The White House is betting that those who committed themselves to Obama during the campaign won’t be bothered if he triangulates against his own campaign rhetoric and passes a right-wing health care bill — that their commitment to the ideals of the campaign will be trumped by their commitment to him as a personality. They may well be right. And the interest groups? Well, have a look at ACORN, because that’s where the dumb ones are headed. The smart ones (and they know who they are) got their payoffs.
In the end, “progressives” should be honest and admit that they are clapping for a health care plan that most found to be moral anathema when the GOP proposed it in 1994, and that going forward they will settle for nothing from the Democrats. And like it.

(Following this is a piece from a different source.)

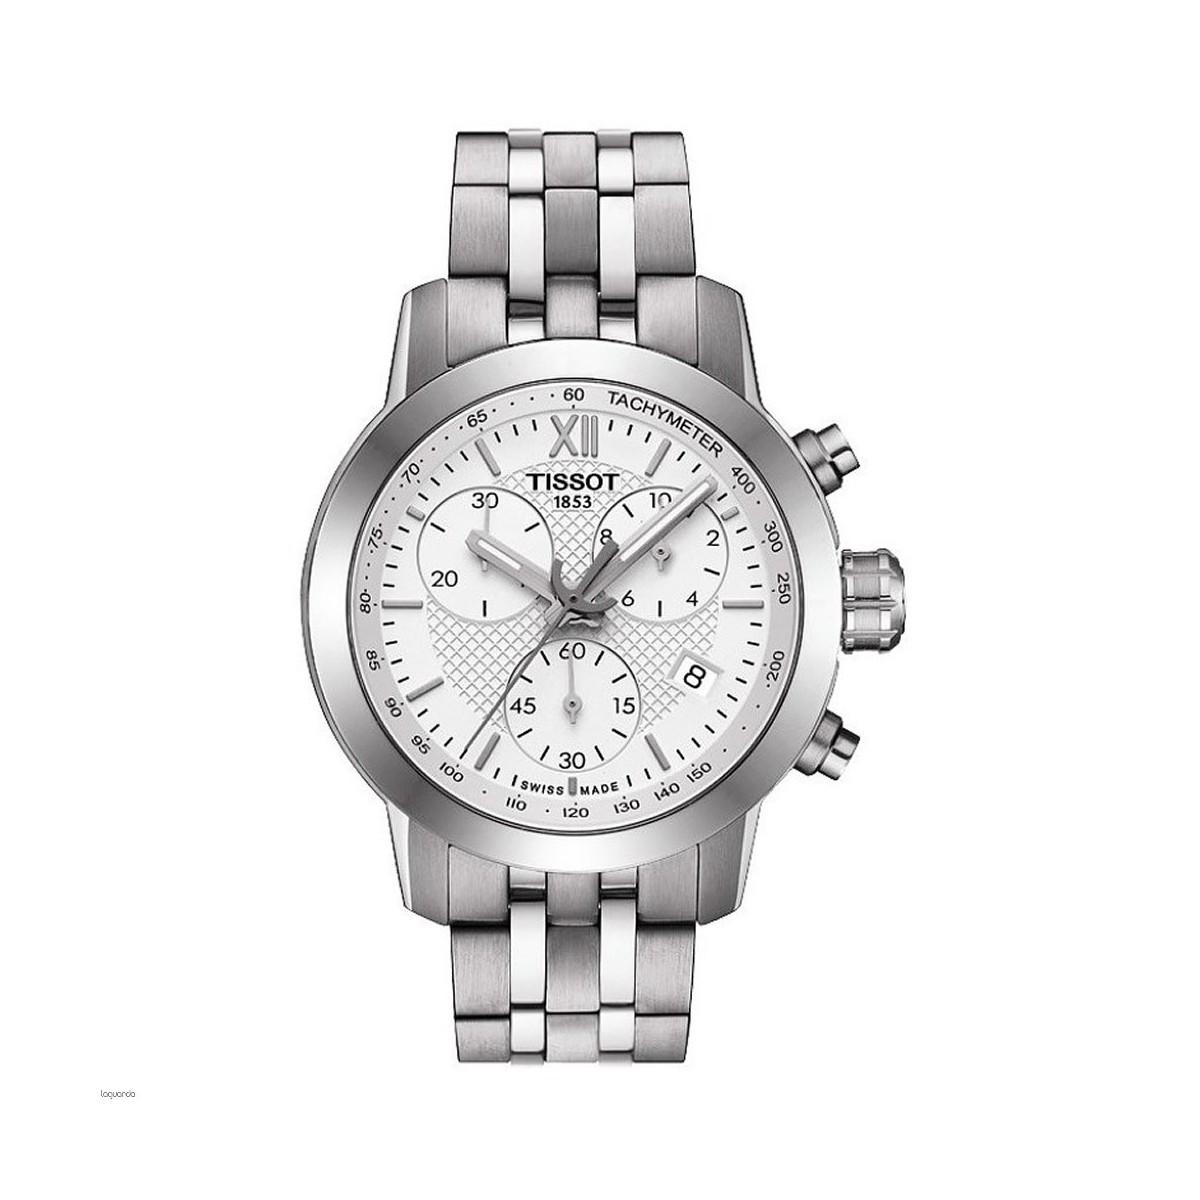 https://www.gaberjoyeria.com/4478-thickbox_default/reloj-tissot.jpg

On the Republican side, there is a huge gap between the GOP corporatism of this bill and the libertarian anti-tax critique that the GOP is attempting to harvest with their “stop the mandate” ballot initiative campaign. But since the GOP won’t have to take responsibility for passing this bill, they can exploit it to turn out the vote in November without much fear of anybody noticing. Democrats will protect themselves by blaming the “liberals” for the bill’s shortcomings, and run to the right — as if they weren’t already there.
Before it’s all over, this thing is gonna make NAFTA look like the Emancipation Proclamation. And as for NAFTA itself — well, when Bart Stupak tries to repeal it, progressive leading lights will no doubt oppose him on the grounds that the President thinks he’s “icky.”